As proponents press for extending free trade to the rest of the hemisphere through a Free Trade Area of the Americas agreement, the report warns that other countries are susceptible to the ill effects already experienced by NAFTA countries.
In the United States, NAFTA eliminated over 766,000 job opportunities between 1994 and 2000, as the trade deficit between the U.S. and its northern and southern neighbors ballooned, according to U.S. author Robert Scott.
In Mexico, large trade surpluses with the United States have not been enough to overcome even larger trade deficits with the rest of the world. Wages and incomes in Mexico fell between 1991 and 1998; and with NAFTA, inequality has grown and job quality has deteriorated for most workers, according to Mexican author Carlos Salas.
And in Canada, exports now account for 40 percent of gross domestic product. Still, overall growth during the 1990s was worse than in any other decade since the 1930s, and productivity growth has not led to growth in wages, according to Canadian author Bruce Campbell.
Key findings from the study for the United States include:
- Since NAFTA took effect on January 1, 1994, exports to Mexico have grown by 147 percent and exports to Canada have grown by 66 percent. But imports from Mexico have grown much faster, by 248 percent; and imports from Canada have grown by 79 percent.
- As a result, the net export deficit between the U.S. and its neighbors has grown from $16.6 billion in 1993 to $62.8 billion in 2000 in real terms.
- This growing trade deficit has led to the loss of 766,030 jobs in the United States since NAFTA’s implementation. These job losses are spread across all 50 states and the District of Columbia, with the biggest losses – where more than 20,000 job opportunities were eliminated per state – in California, Michigan, New York, Texas, Ohio, Illinois, Pennsylvania, North Carolina, Indiana, Florida, Tennessee, and Georgia.
- By reducing the prices of import-competing products, the growing U.S. trade deficit, and the new rules of the NAFTA agreement, have put downward pressure on the wages of non-college-educated workers in this country, who account for 72.7 percent of the workforce.
- This has happened for at least three reasons. First, displaced manufacturing workers have sought jobs in the service sector, where the average wage is 77 percent of the average manufacturing wage. Second, this movement from manufacturing to the service sector has increased the labor supply there, further depressing wages. And finally, employers have used their new freedom to move across borders as a tool in collective bargaining, by threatening to close plants.
Key findings from the study for Mexico include:
- Between 1995 and 1999, manufacturing exports improved rapidly, growing at an annual rate of 16 percent, due almost exclusively to maquiladora factories, factories built near the border for the purpose of manufacturing exports to the U.S.

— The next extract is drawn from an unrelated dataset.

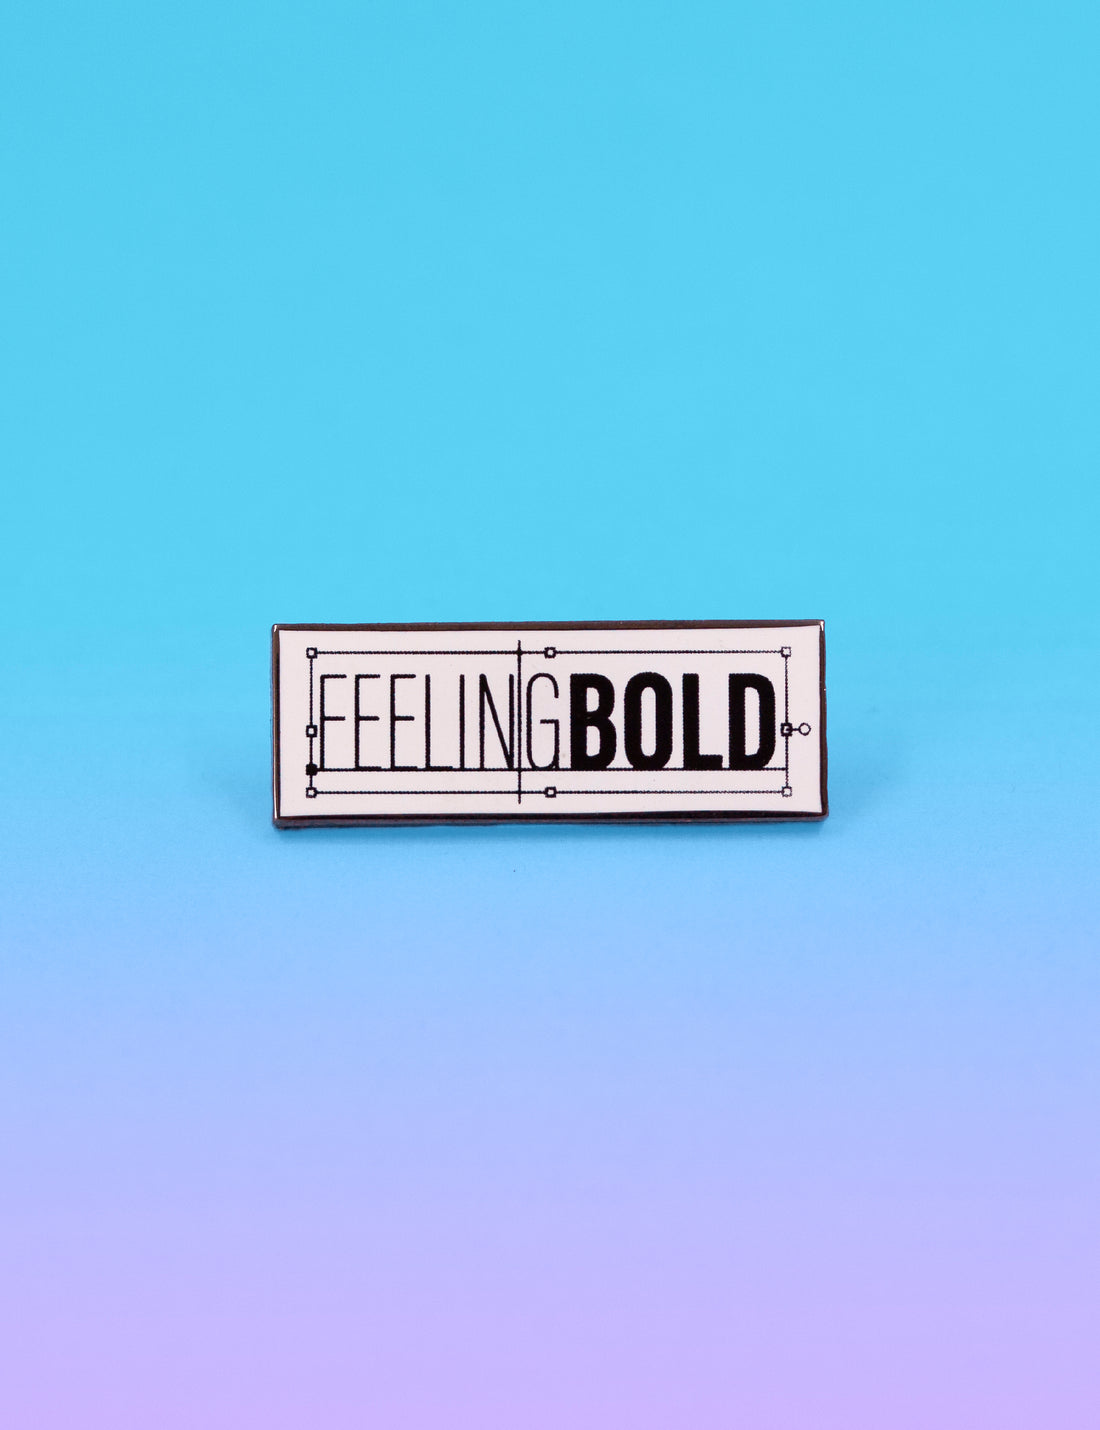 Feeling bold pin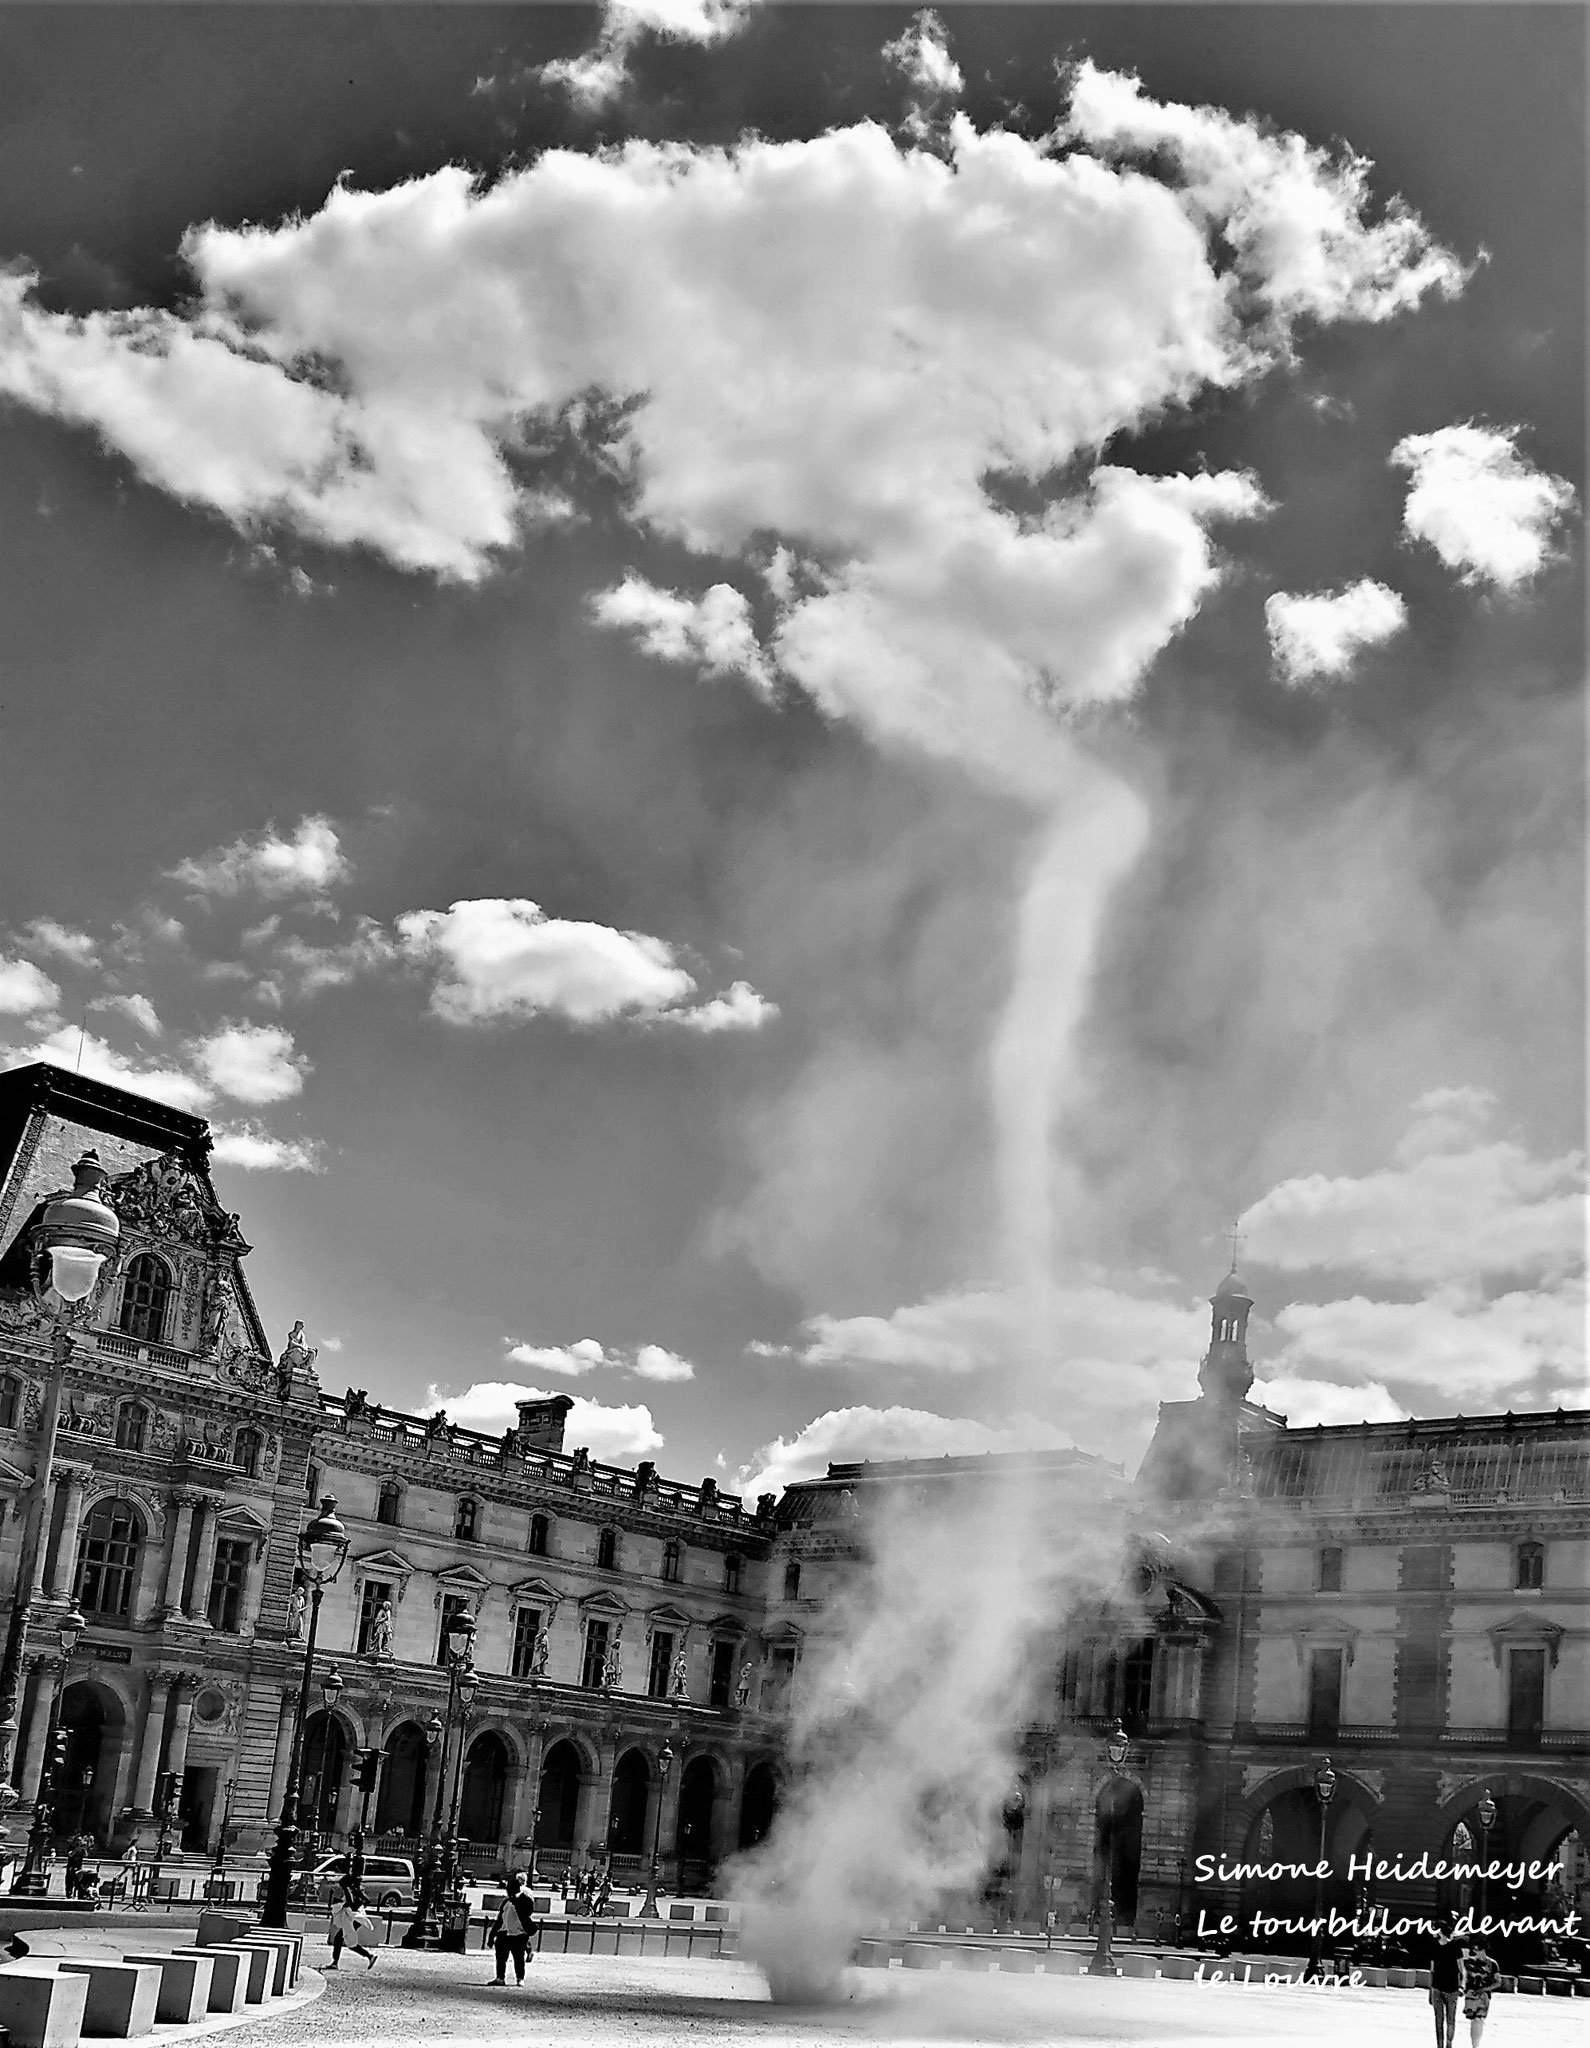 Le tourbillon devant le Louvre

- Maquiladora employment grew rapidly over the last two-and-a-half decades, from 60,000 jobs in 1975 to 420,000 in 1990 to 1.3 million in 2000. Maquiladora factories remained largely unaffected by the recession of the mid 90s, given their limited dependence on the Mexican economy. Though these factories have thrived under NAFTA, they have contributed little to Mexico’s development and internal markets. Wages, benefits, and workers’ rights are deliberately suppressed in maquiladoras.
- The growth in manufacturing imports during this period outpaced exports, however, growing by 18.5 percent, which explains Mexico’s rapidly growing overall trade deficit from 1995 to 1999, and which could lead to another major currency crisis like the collapse of the Peso in 1995.
- NAFTA has not delivered many of its promised benefits to Mexican workers. By 1998, the incomes of salaried workers had fallen by 25 percent since 1991, while incomes of the self-employed had fallen 40 percent.
- During the 1990s, the minimum wage in Mexico lost nearly 50 percent of its purchasing power. Manufacturing wages fell 21 percent between 1993 and 1999.
- Mexico has no social safety net, so deteriorating labor conditions are likely to be reflected in lower quality of jobs rather than the unemployment rate. The growing share of urban workers holding low-productivity, low-paying jobs reflects the Mexican economy’s inability to create higher-quality jobs. The share of salaried employees among all workers decreased from 74 percent in 1991 to 61 percent in 1998.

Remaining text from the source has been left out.